(Collection entries)
☆ ☆ ☆
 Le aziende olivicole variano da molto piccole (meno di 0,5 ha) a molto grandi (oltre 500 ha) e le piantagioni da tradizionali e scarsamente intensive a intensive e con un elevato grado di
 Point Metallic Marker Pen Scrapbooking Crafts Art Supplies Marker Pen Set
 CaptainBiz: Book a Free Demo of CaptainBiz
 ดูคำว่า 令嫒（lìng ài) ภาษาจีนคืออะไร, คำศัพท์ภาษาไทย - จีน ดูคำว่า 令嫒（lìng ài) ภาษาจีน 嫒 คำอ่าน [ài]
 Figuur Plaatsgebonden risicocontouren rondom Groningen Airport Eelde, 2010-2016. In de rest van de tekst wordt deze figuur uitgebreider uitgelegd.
☆ ☆ ☆
▶ Work item:
Nothing but an exact repetition of the entries is expected here.

▶ Solution for this problem:
 Le aziende olivicole variano da molto piccole (meno di 0,5 ha) a molto grandi (oltre 500 ha) e le piantagioni da tradizionali e scarsamente intensive a intensive e con un elevato grado di
 Point Metallic Marker Pen Scrapbooking Crafts Art Supplies Marker Pen Set
 CaptainBiz: Book a Free Demo of CaptainBiz
 ดูคำว่า 令嫒（lìng ài) ภาษาจีนคืออะไร, คำศัพท์ภาษาไทย - จีน ดูคำว่า 令嫒（lìng ài) ภาษาจีน 嫒 คำอ่าน [ài]
 Figuur Plaatsgebonden risicocontouren rondom Groningen Airport Eelde, 2010-2016. In de rest van de tekst wordt deze figuur uitgebreider uitgelegd.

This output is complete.